E-Cards – Think before you open
• Don’t open attachments - E-card companies don’t send cards as attachments. If you receive an e-card notification with an attachment, delete it immediately.
• Do I know you? - If you don’t recognise the e-card sender’s name, delete the message immediately. If the subject line says something generic and impersonal like “You've received an e-card from a secret admirer!”, chances are it is not safe to open.
• Don’t fall for an .exe - If the e-card notification contains a clickable link that includes “.exe” or an unfamiliar web site name – especially if an IP address appears if you hold your mouse cursor over the link – it’s not a legitimate card link.
To be safe, AVG (AU/NZ) recommends the following:
• Ask before you open - E-mail the sender and ask if you should have received an e-card from them and from which site.

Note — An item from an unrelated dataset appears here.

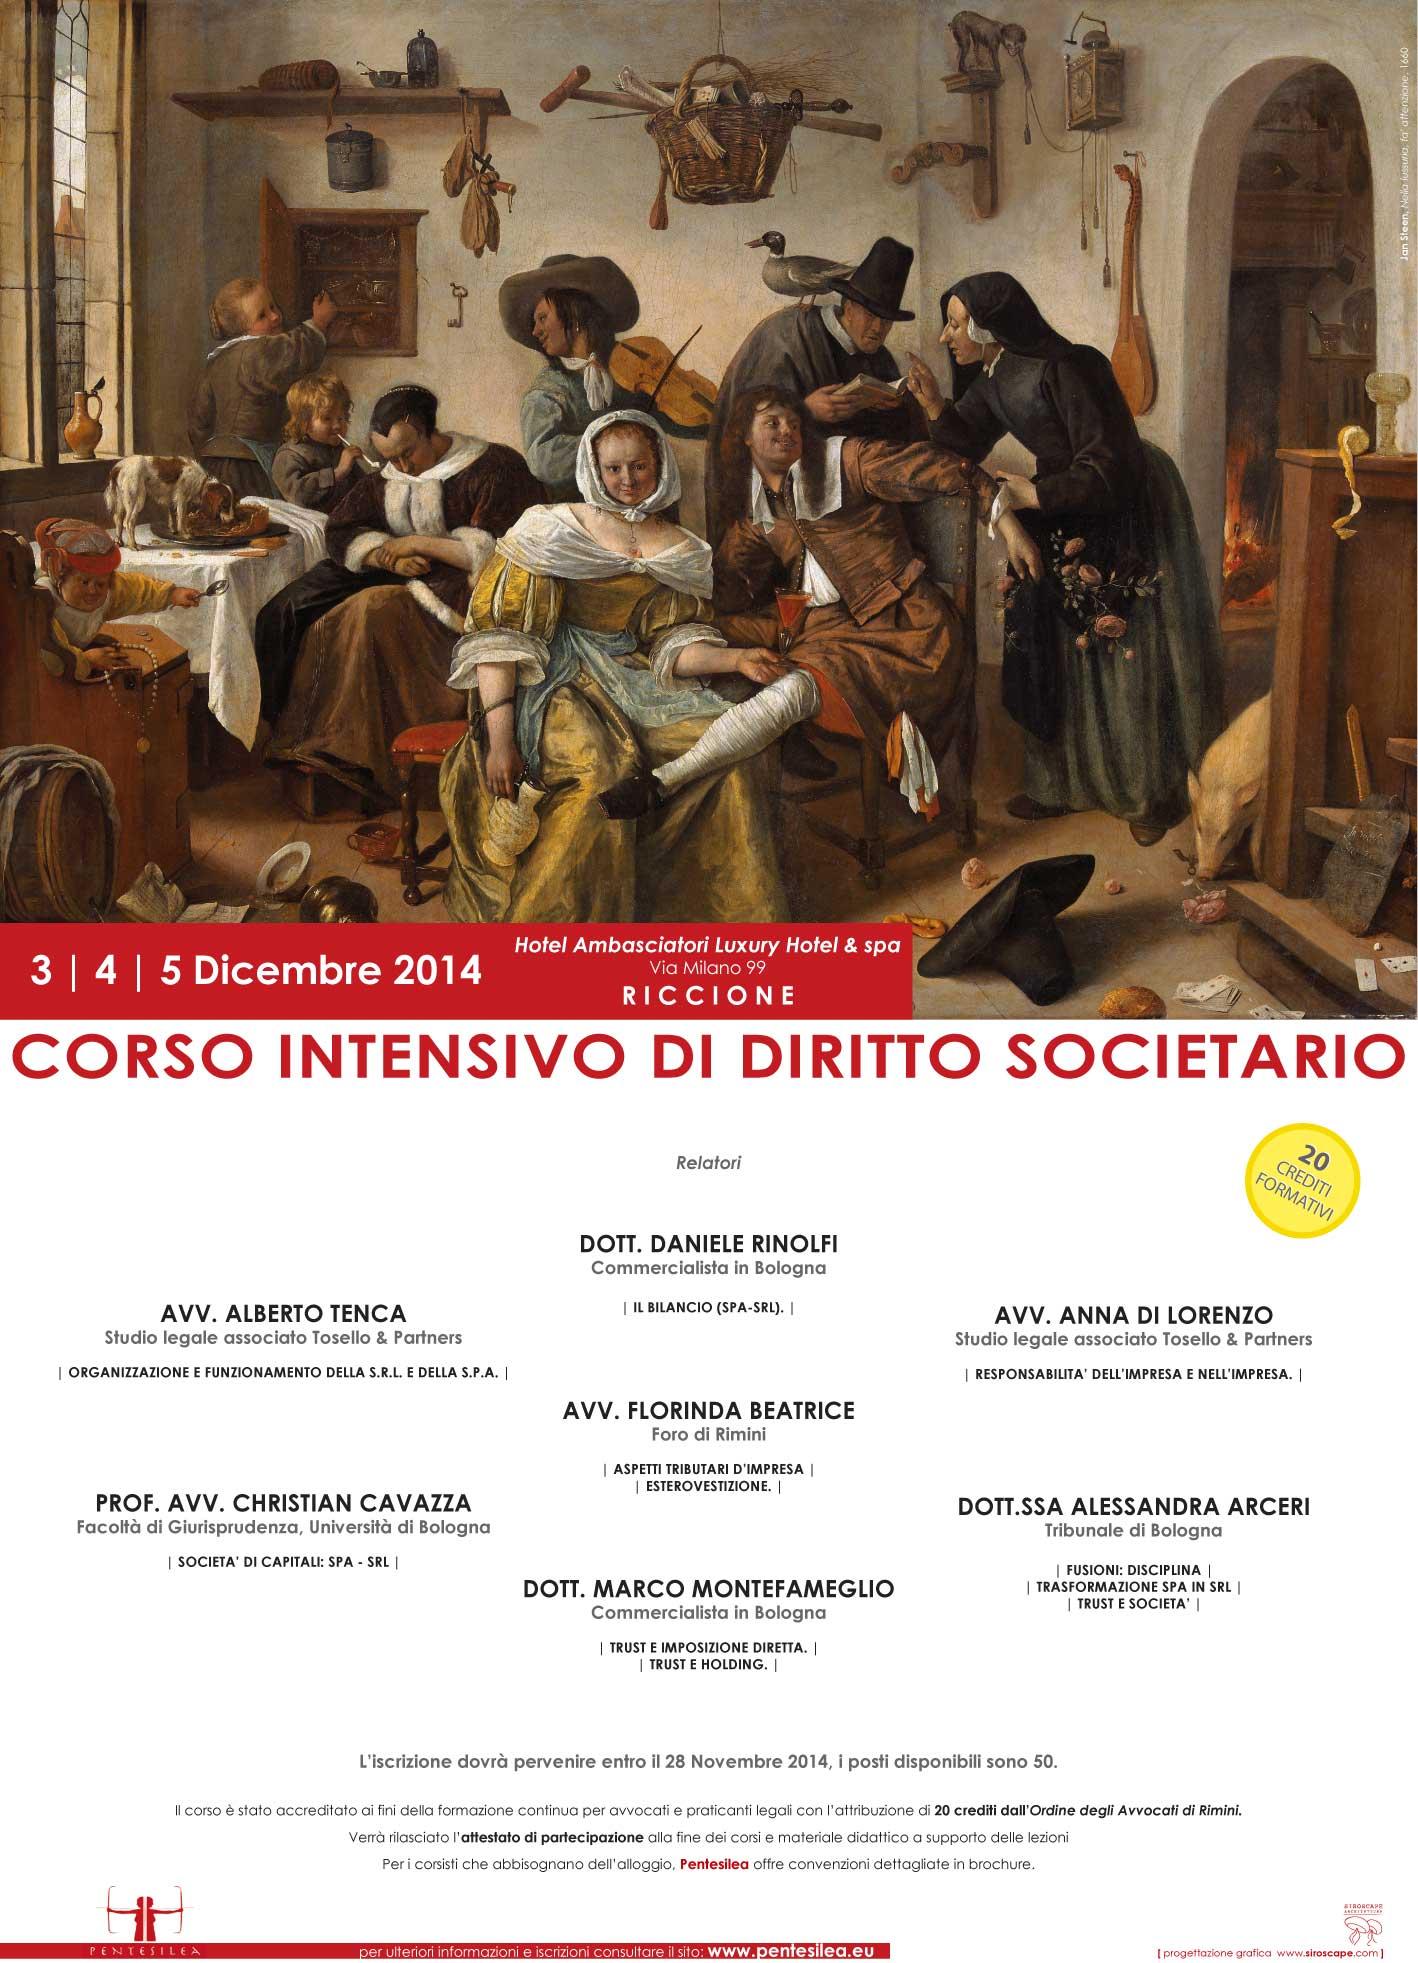 DIRITTO SOCIETARIO #20CF

You’ll keep your computer safe – and get to talk to talk to your admirer too!
• Check the subject line - Make sure both the sender’s name and the name or URL of a legitimate e-card company’s web site are included in the subject line.
• Check the “From” address - to make sure you recognise it. Some e-card companies will also include the sender’s name and address in the body of the email notification itself.
• Check the web site - Legitimate e-card notifications should include a clickable link to the card on the card company’s web site as well as a URL you can copy and paste into a browser (it’s always safer to copy and paste a link from an email than to click directly).